Content area
This thesis investigates the challenges and opportunities presented by the increasing trend of using multiple specialized models, referred to as operational models, to address complex data analysis problems. While such an approach can enhance predictive performance for specific sub-problems, it often leads to fragmented knowledge and difficulties understanding overarching organizational phenomena. This research focuses on synthesizing the knowledge embedded within a collection of decision tree models chosen for their inherent interpretability and suitability for knowledge extraction. For example, a company with chain stores or a university with diverse programs, each using dedicated prediction models (sales or dropout, respectively). While these localized models are important, a global perspective is valuable organization-wide. However, managing many operational models, especially for cross-program/store analysis, can be overwhelming.
A methodology framed within a comprehensive framework is introduced to merge sets of operational models into consensus models. These consensus models are directed towards higherlevel decision-makers, enhancing the interpretability of knowledge generated by the operational models. The framework, named Inmplode, addresses common challenges in model merging and presents a highly customizable process. This process features a generic workflow and adaptable components, detailing alternative approaches for each subproblem encountered in the merging process.

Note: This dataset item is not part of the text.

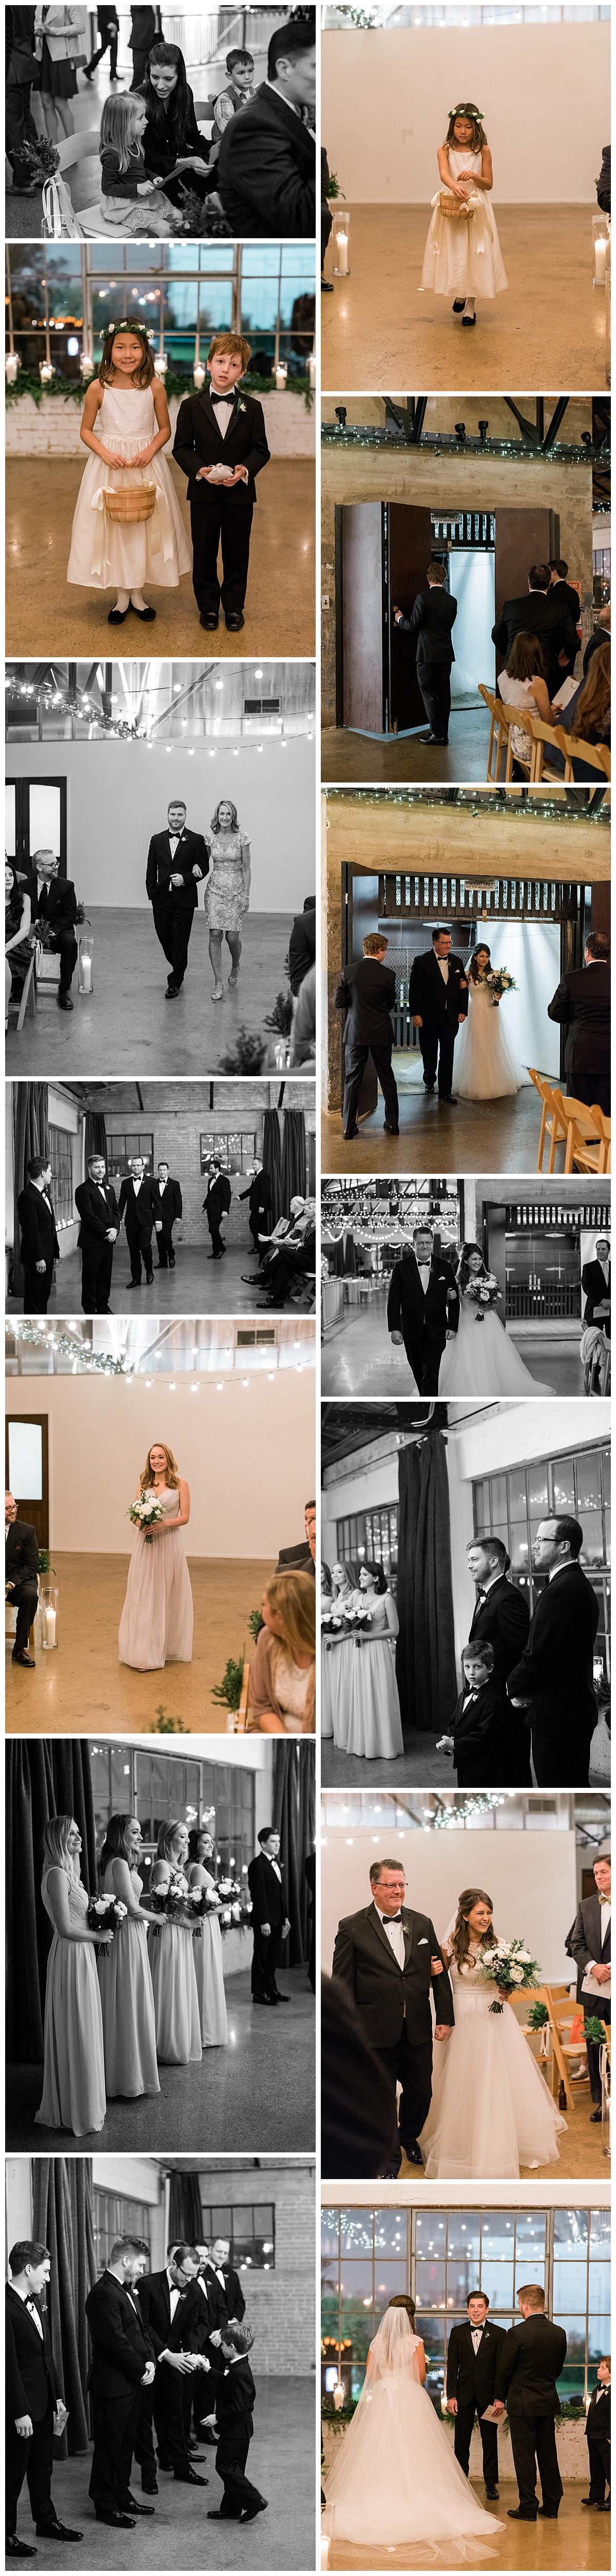 hickory-street-annex-wedding-ar-photography-11.jpg
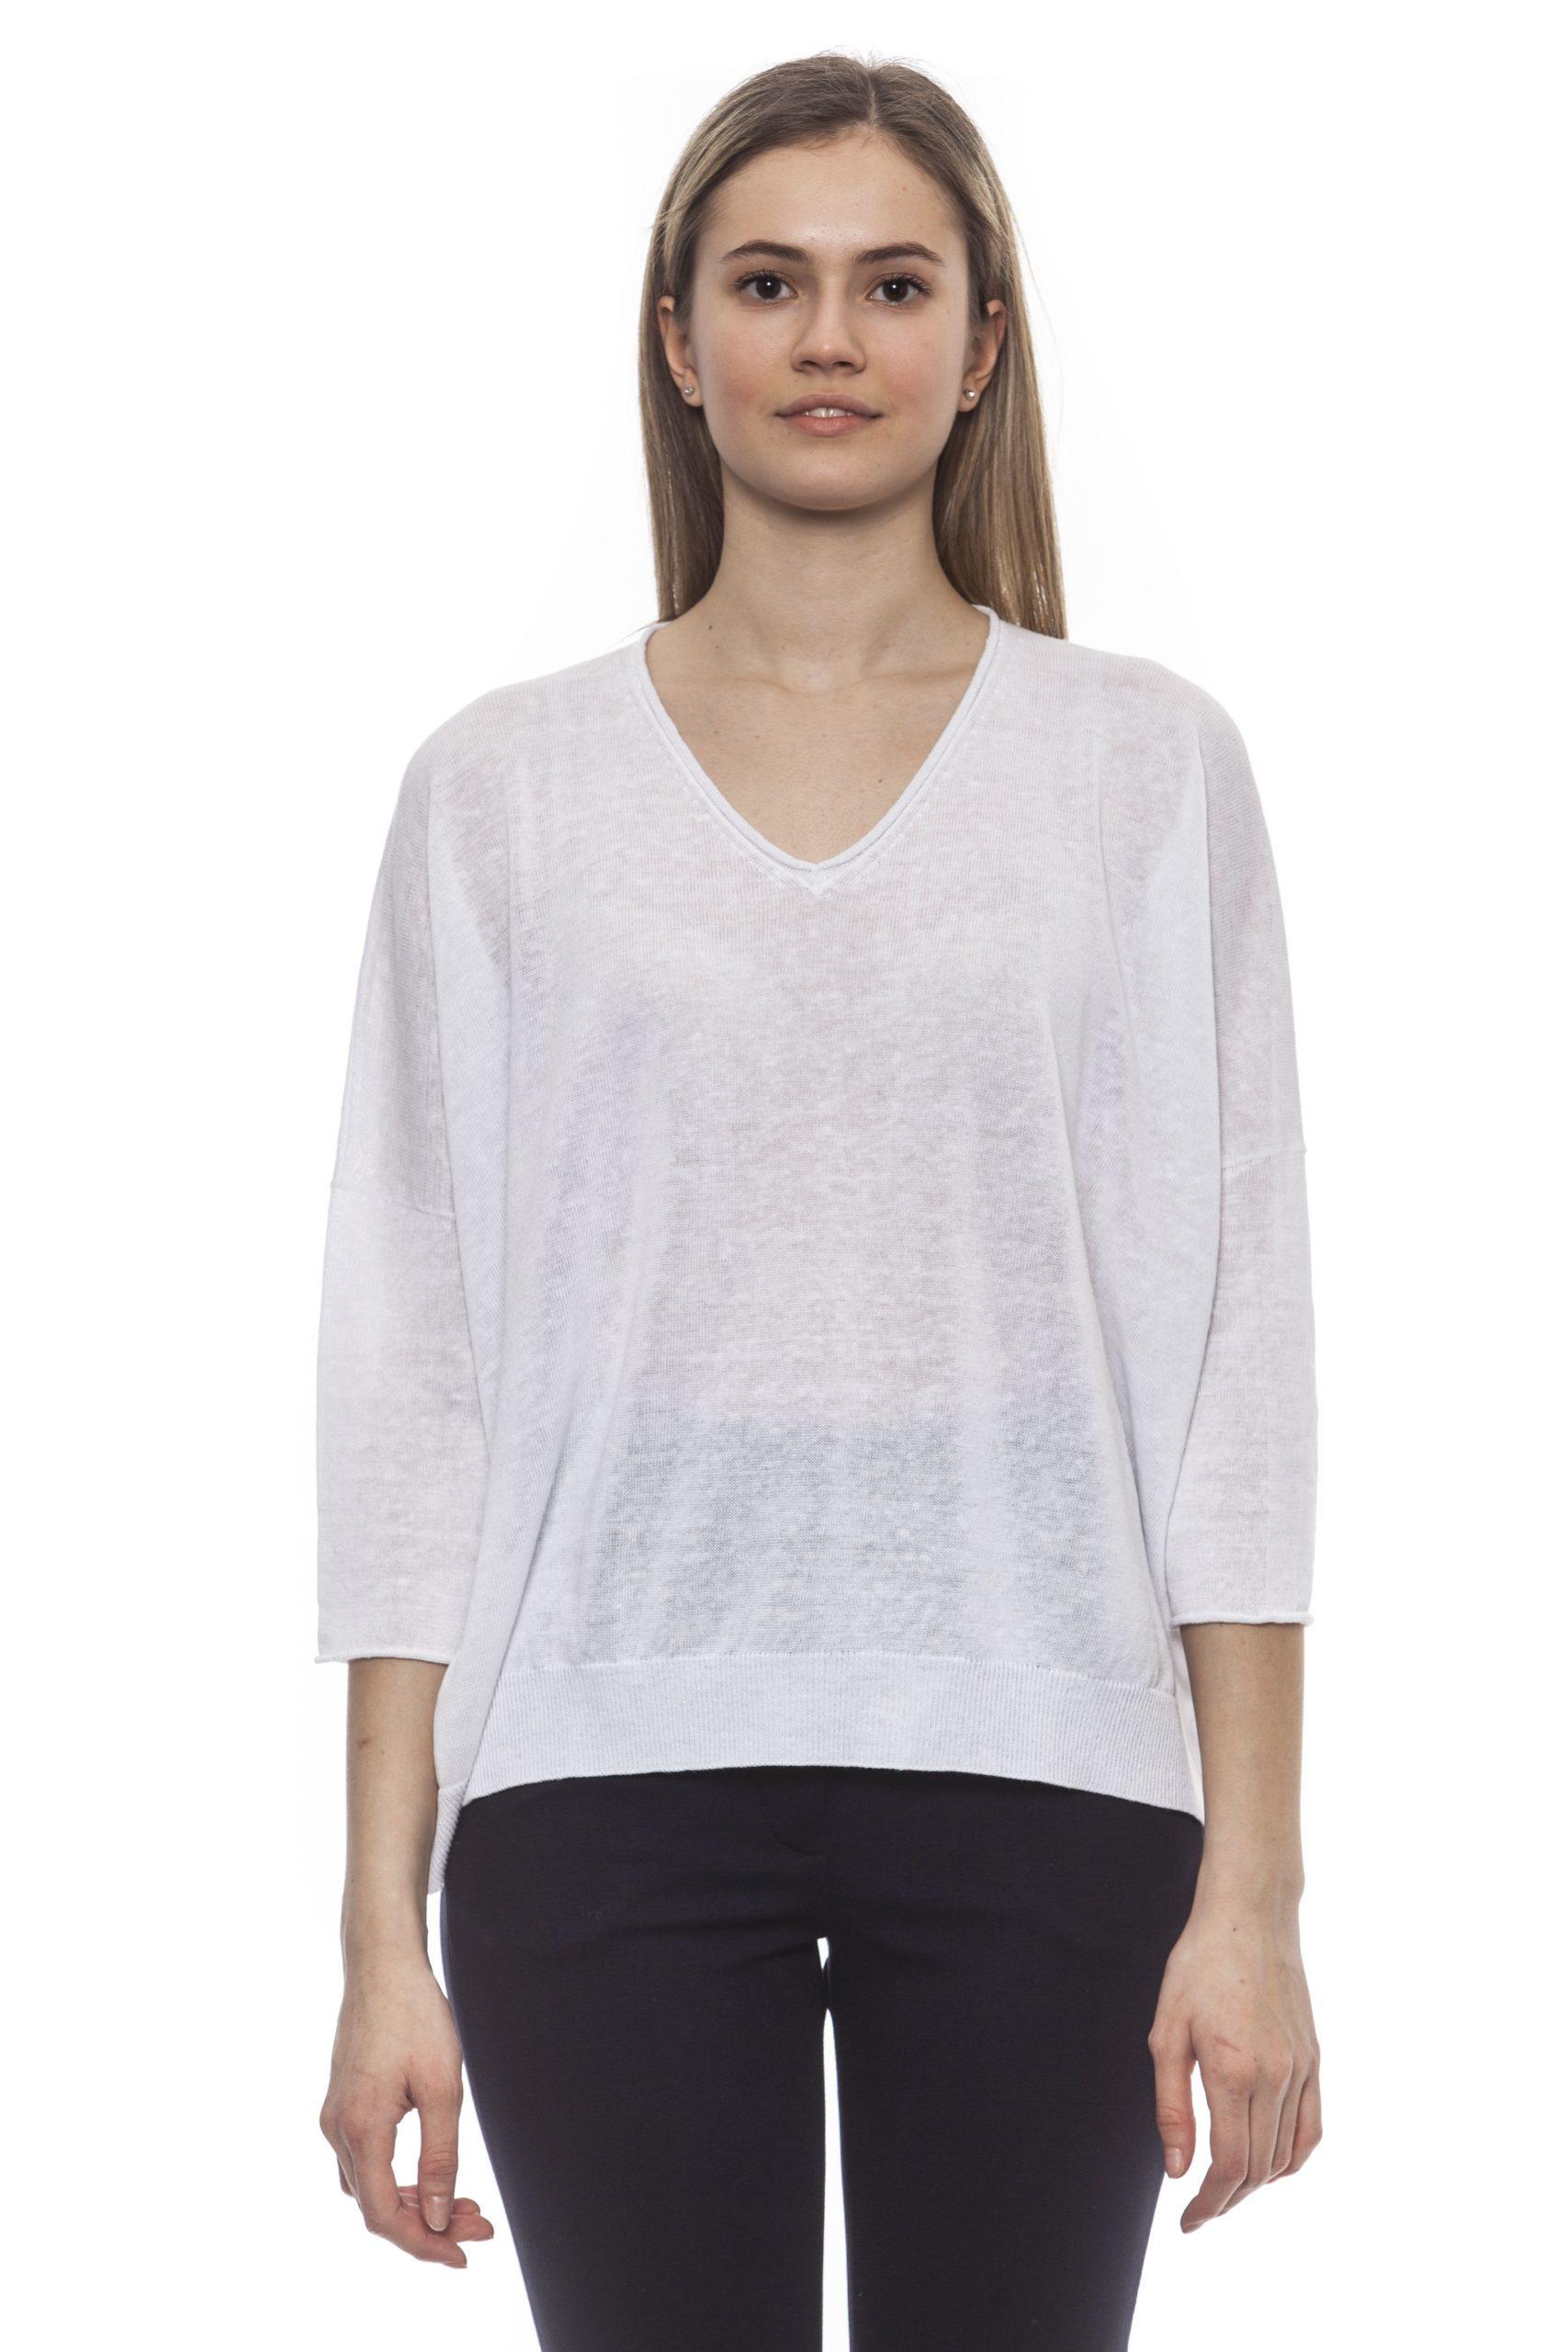 Peserico Women's Bianco Sweater White PE1383114 - IT42 | S

The framework was applied to four public datasets from diverse business areas and a case study in education using data from the University of Porto. Different model merging approaches were explored in each case, illustrating various process instantiations. The model merging process revealed that the resulting consensus models are frequently incomplete, meaning they cannot cover the entire decision space, which can undermine their intended purpose. To address the issue of incompleteness, two novel methodologies are explored: one relies on the generation of synthetic datasets followed by decision tree training. At the same time, the other uses a specialized algorithm designed to construct a decision tree directly from aggregated (i.e., symbolic) data. The effectiveness of these methodologies in generating complete consensus models from incomplete rule sets is evaluated across the five datasets. Empirical results demonstrate the feasibility of overcoming the incompleteness issue, contributing to knowledge synthesis and decision tree modeling. However, tradeoffs were identified between completeness and interpretability, predictive performance, and the fidelity of consensus models.
Overall, this research addresses a critical gap in the literature by providing a comprehensive framework for synthesizing knowledge from multiple decision tree models, focusing on overcoming the challenge of incompleteness. The conclusions have implications for organizations seeking to use specialized models while maintaining a holistic understanding of the analyzed phenomenon.